Take a story's temperature by studying its tone. Is it hopeful? Cynical? Snarky? Playful?
Macabre Humor
We don't know about you, but when we first found out we were going to read and then watch Shakespeare's "bloodiest tragedy," we didn't exactly think there'd be a lot of laughs. But the thing about Titus Andronicus is that, amidst the horrific, nonstop violence, Shakespeare reveals a dark sense of humor.
Don't get us wrong, nobody is laughing when Lavinia is raped and mutilated (except for the demented Demetrius and Chiron). But later in the play, Shakespeare gets, well, silly. The clearest example of this is when Titus appears on stage "dressed like a cook" (Stage Direction, Act 5, Scene 3) and serves up Demetrius and Chiron as the main course of a banquet. And Shakespeare doesn't stop there. After Tamora feasts on her own sons and then asks where Demetrius and Chiron could be, Titus gleefully announces, "Why, there they are, both baked in / this pie" (5.3.9).

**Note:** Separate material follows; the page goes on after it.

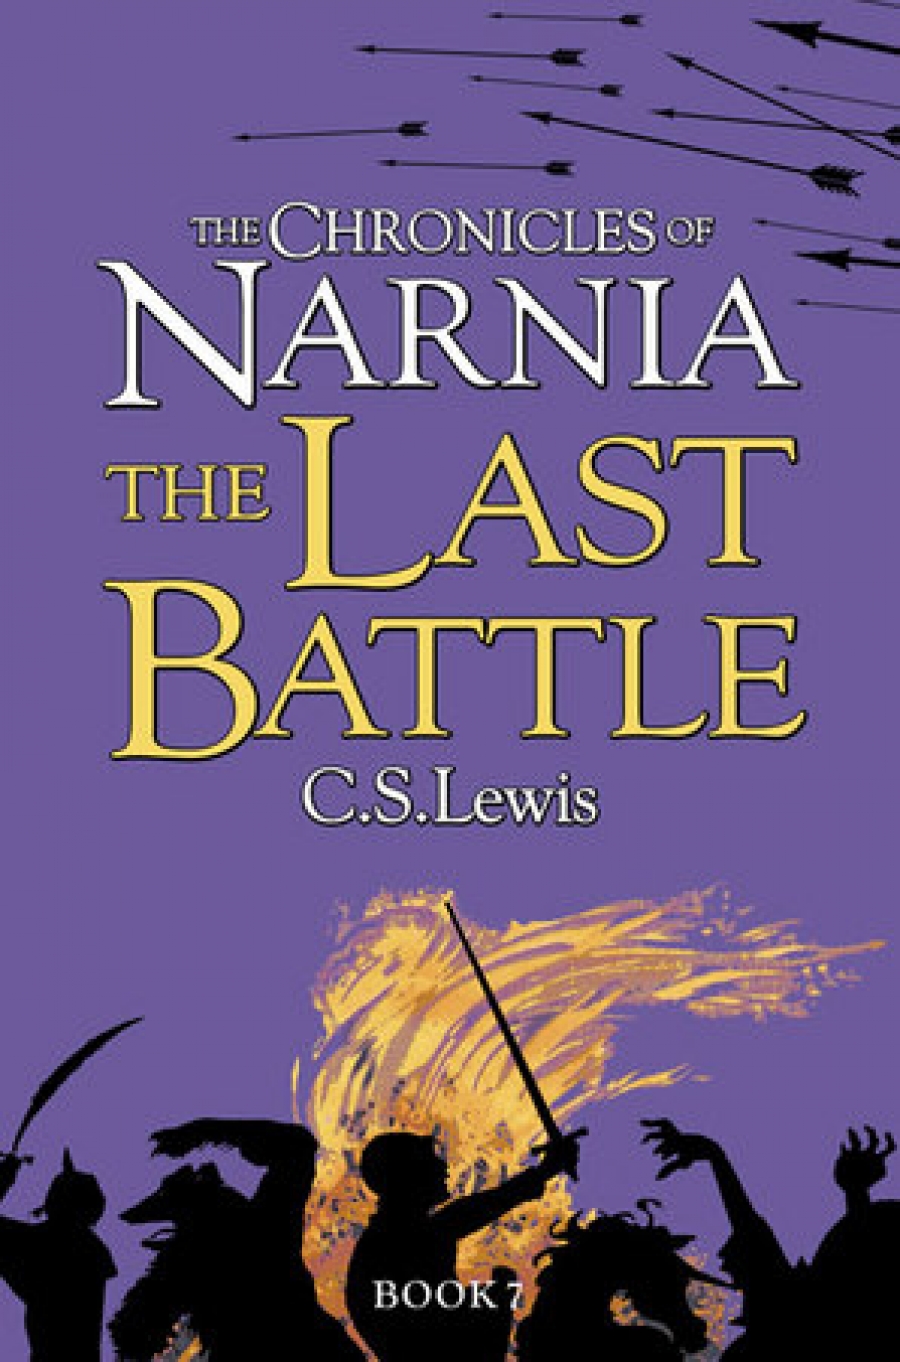 Lewis C. S. Lewis C. S. The Chronicles of Narnia 7. The Last Battle

This is gruesome and, yes, distasteful, but it's also kind of funny, because Shakespeare makes light of the way these two rapists/murderers get their just desserts. For modern audiences, the play's macabre sense of humor often seems familiar, and that's because the sick jokes in Titus Andronicus are forerunners to the kind of dark humor we see in modern-day horror flicks like Zombieland, Jennifer’s Body, and the Scream movies.